Anni che si sono senz'altro rivelati in grande ascesa per l'azienda di Montalcino fondata verso la fine del 1800 da Lavinio Franceschi e oggi guidata da Leopoldo e Livia, che hanno saputo sfruttare le grandi potenzialità del terroir unite a condizioni climatiche del tutto particolari grazie all'influenza del Monte Amiata e del non lontano Mar Tirreno.
I vigneti tutti piuttosto vecchi, si posizionano ad una altitudine variabile tra i 150 e i 450 mslm.
Dopo la vendemmia rigorosamente effettuata a mano, la vinificazione dura 15-20 giorni a cappello sommerso in vasche di acciaio inox a temperatura controllata, con lo svolgimento della fermentazione malolattica.
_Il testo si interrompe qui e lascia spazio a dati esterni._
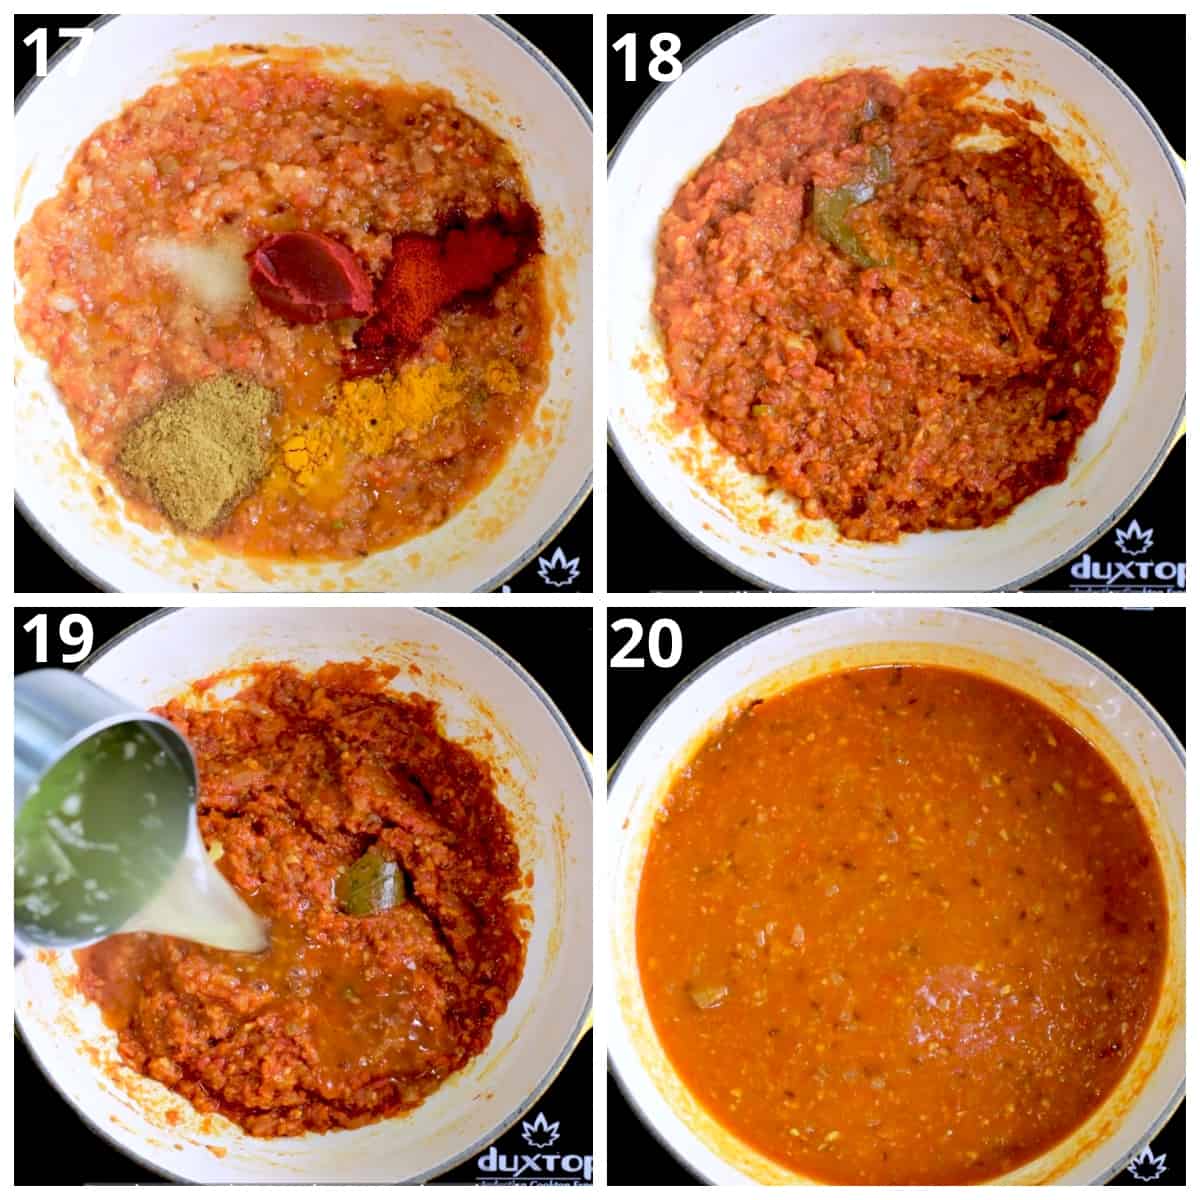 Step by step photos to show how to make the curry.

Come per tutti i grandi rossi che si devono far aspettare, l''affinamento avviene in un periodo di tempo di 36 mesi in grandi botti di rovere francese da 30 e 50 hl a cui seguono 5 mesi di bottiglia.
Stappato circa tre ore prima della cena, al momento di versarlo nel bicchiere rivelava un rubino vivace e una certa timidezza che si è presto svelata all'analisi olfattiva.
Il naso è un veloce alternarsi di confettura di prugna, ferro e liquirizia, per poi lasciare spazio a sentori sempre più raffinati e complessi come la macchia mediterranea, pepe nero e sigaro, humus e funghi porcini.
In bocca si presenta deciso e quasi austero, con buona freschezza, tannini decisi e ancora piuttosto incisivi, grande estrazione del frutto, mentre la propria naturale irruenza si dipana su un finale lunghissimo e con una delicata scia di tamarindo.
Intensità e complessità al servizio di una ostentata sicurezza da primo della classe, un numero uno che non si lascerà ammaliare da facili trionfalismi e a cui si può ben prospettare un radioso futuro.